*** Block opens ***

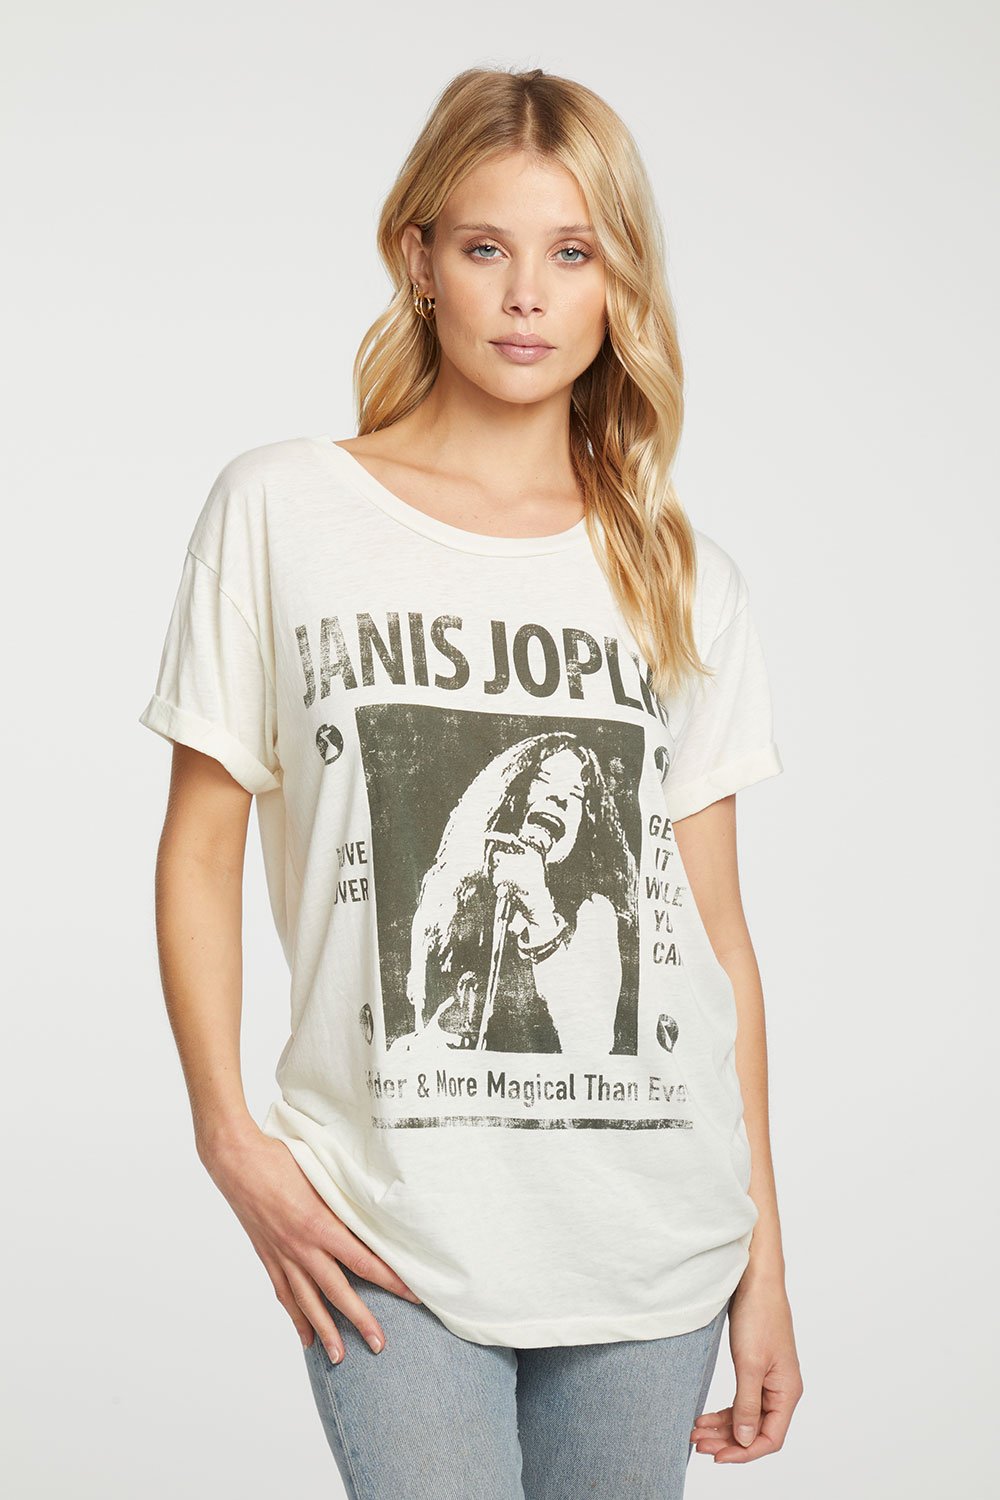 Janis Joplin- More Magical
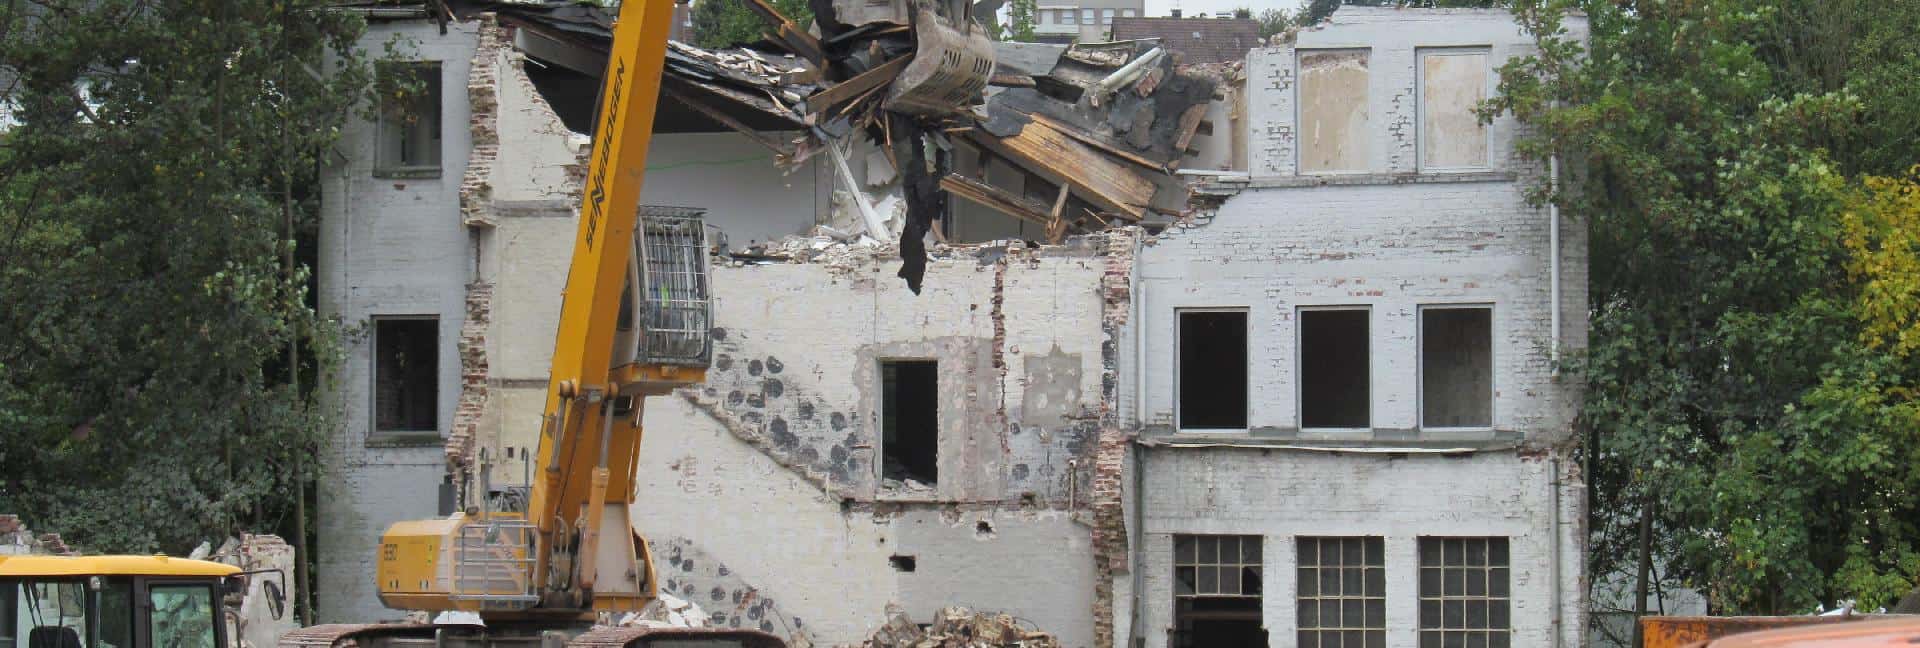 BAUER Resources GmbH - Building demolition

*** Block closes ***
*** Block opens ***

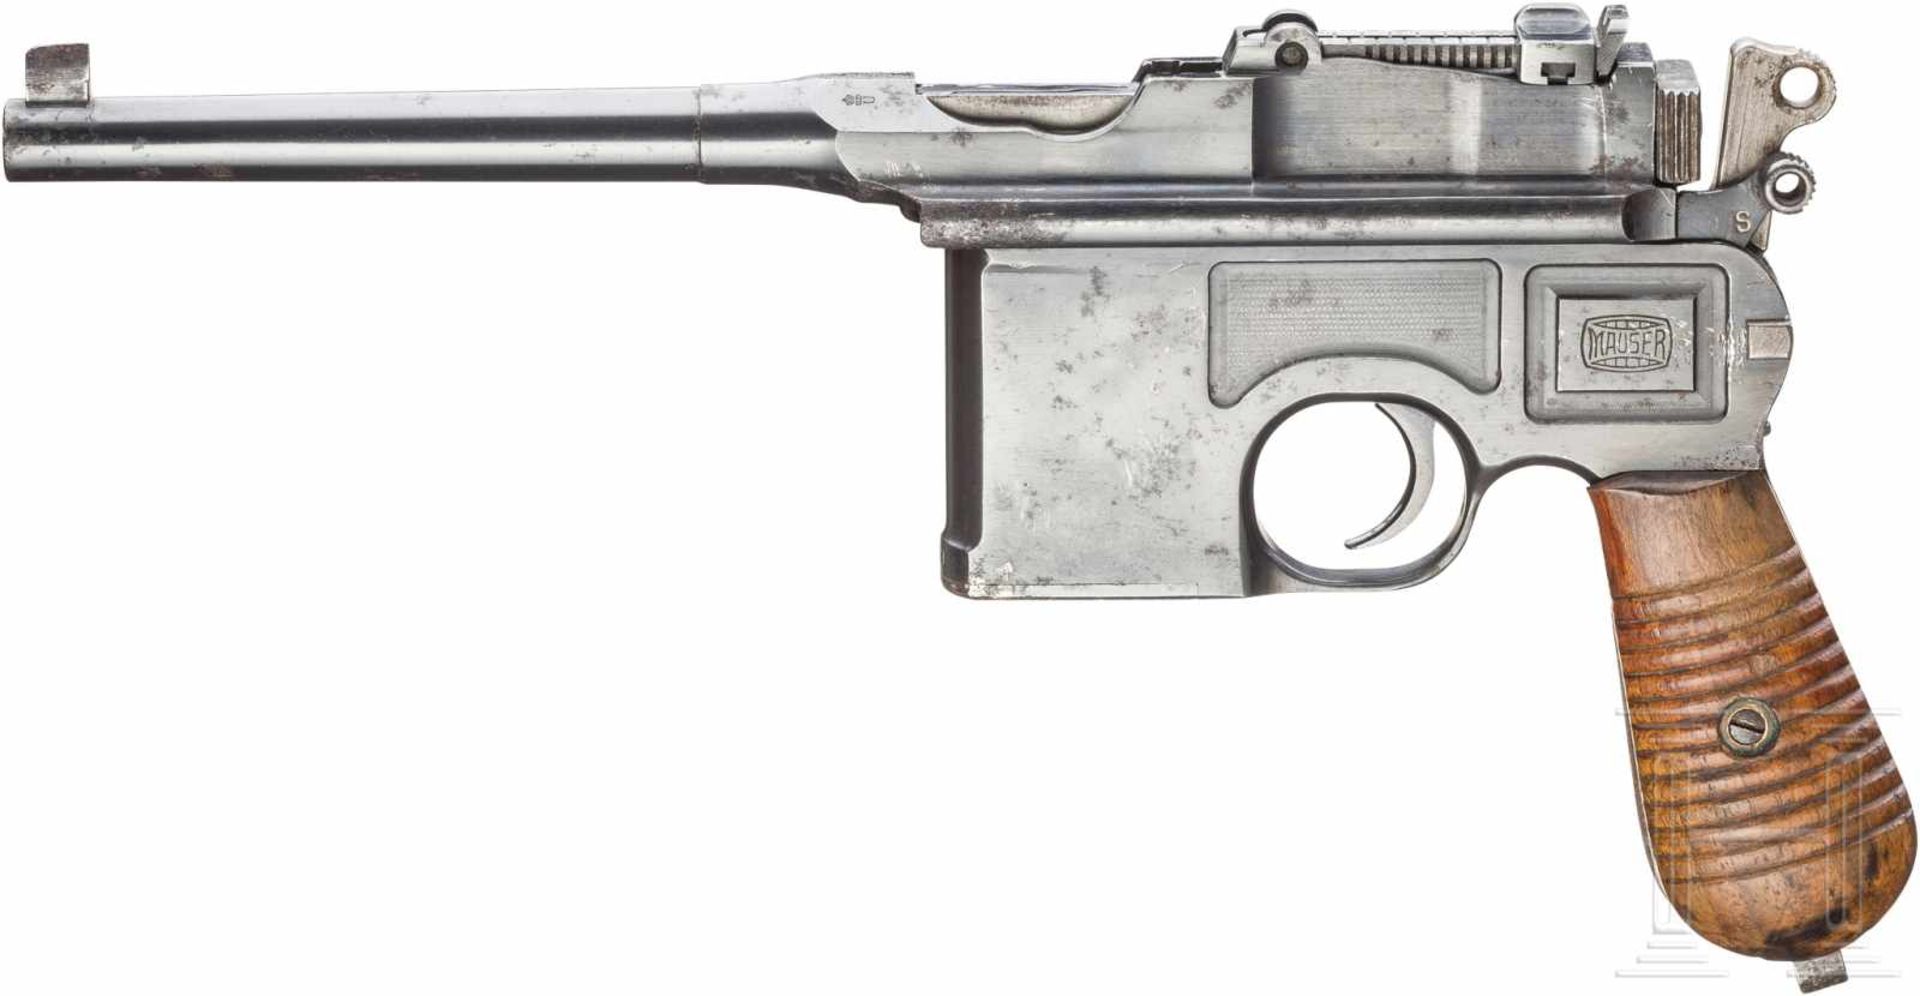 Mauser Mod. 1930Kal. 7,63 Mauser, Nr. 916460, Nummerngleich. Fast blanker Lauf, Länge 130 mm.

*** Block closes ***

• Exercise directions: Your answer should be the lines above, word for word, from the line with "Janis Joplin- More Magical" through the line with "BAUER Resources GmbH - Building demolition", minus the pictures.

• Solution to this task:
 Janis Joplin- More Magical
 BAUER Resources GmbH - Building demolition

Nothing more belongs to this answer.